My job was pushing a pallet through a meat and cheese warehouse filling orders. Occasionally I was in the office on the phone acting the salesman. But mostly picking orders and loading pallets for pick up or delivery by customers.
Then one day a call came for me. The call came to the cheese and meat distributor where I was employed.
It was the owner of the nearby printing company. He asked whether I would stop in on my way home.
Let’s just say that my life took a turn. My meat and cheese career quickly drew to a close.
It was the beginning of a new chapter. Design and creativity was finally set free. This may sound nerdy, but paper seemed to always turn me on. Now I was in paper paradise. Ink. Color. Design. Ideas. Freedom. My employer loved me. I enjoyed life.
As time went on and I felt freedom to express my ideas and began to put them on paper… well, let’s say, that’s where the rubber met the road.
I had good ideas but not all of them were good.

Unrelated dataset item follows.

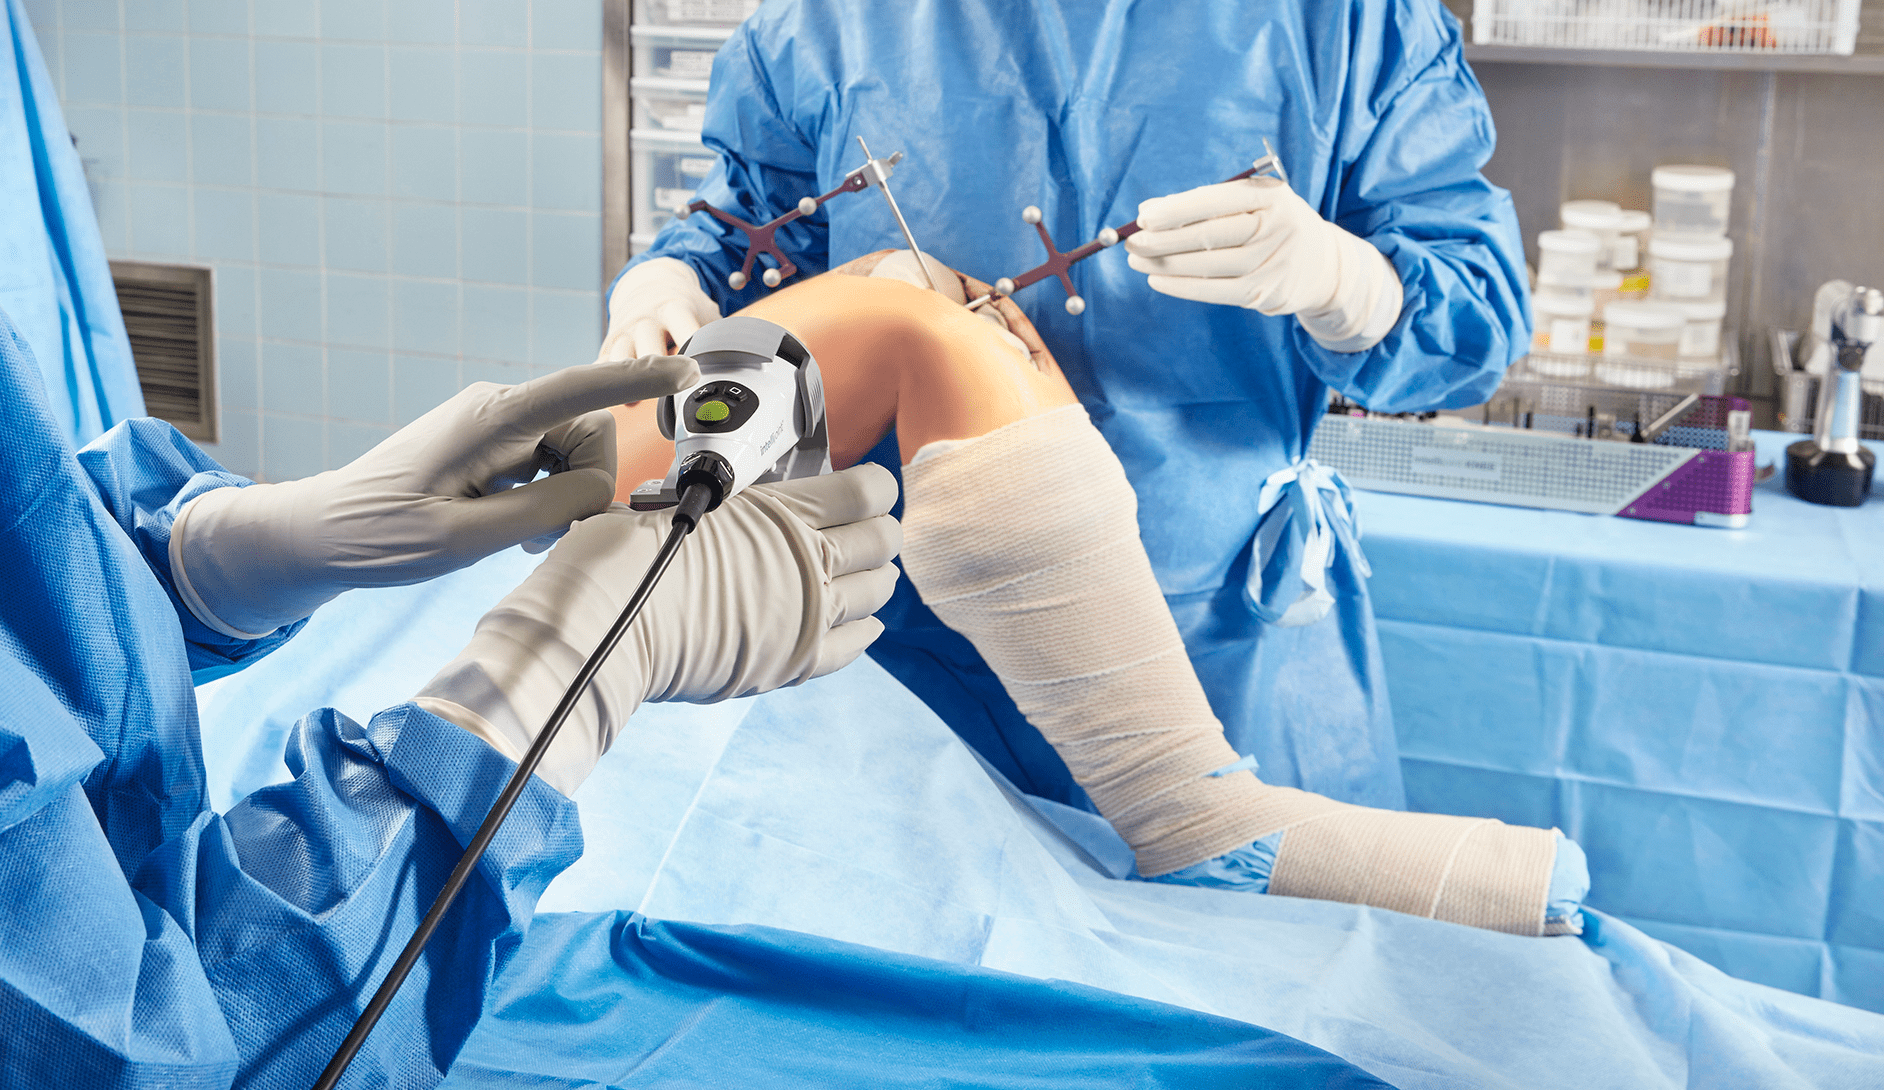 Surgeons performing knee replacement using computer-assisted surgery, Intellijoint KNEE

But I had a problem. They were my pets. I liked them. My ideas.
If you don’t like what I create I will get offended. You better like it.
It was during the printing company tenure that I was taught about becoming brutally honest. I was eventually able to move beyond the offense stage.
In the years that I have been in the creativity world I have learned a few things. I realized that I am simply helping others communicate using some kind of medium. I am in between the speaker and the hearer. Between the buyer and the seller. Between the author and the reader. Between the restaurant and the guest. Between the company and their customer.
I was the middle person. Oh, yeah, it really isn’t about me and my ideas.
I thought I was an end all. I thought I had THE good ideas. You need to listen to me because I have experience with good ideas.
Yeah, for some reason that doesn’t seem to work long term.
Are you telling me I can pour my soul into a piece of art and no one may ever like it. Yes, that’s possible.
That’s what I needed to learn.
Does this mean I should stop my art? Not necessarily. However, if I want someone to pay me for art then I need to make something that fills a need for them. It needs to have value to the buyer.
I’m really not called to being a creative island. Or a creative hermit.
If I have a thriving business it’s because there are multiple people who value what I provide and they pay me for what I give them. They enable me to continue giving and to continue growing.
Truth be told, I am not serving myself. I am serving others.
At the core of it all: I need others.
My employer was genius at telling the truth objectively. He taught me how to be honest and receive constructive criticism. Actually, he was good at giving kind and gentle direction.
I still contend that one of the best things a creative person can have is a good critic to guide and give direction.
When it’s all said and done, I’m here for others.
My tendency had been to stroke my pet ideas and protect them. Some of them never saw the light of day, of course. They weren’t practical.
I’m learning to let go and serve.
What do you need?
What can I do for you?
It seems this kind of spirit can make progress. Now we can work together.
It’s all a process of letting go.
I’m here for others. Let go. Let live.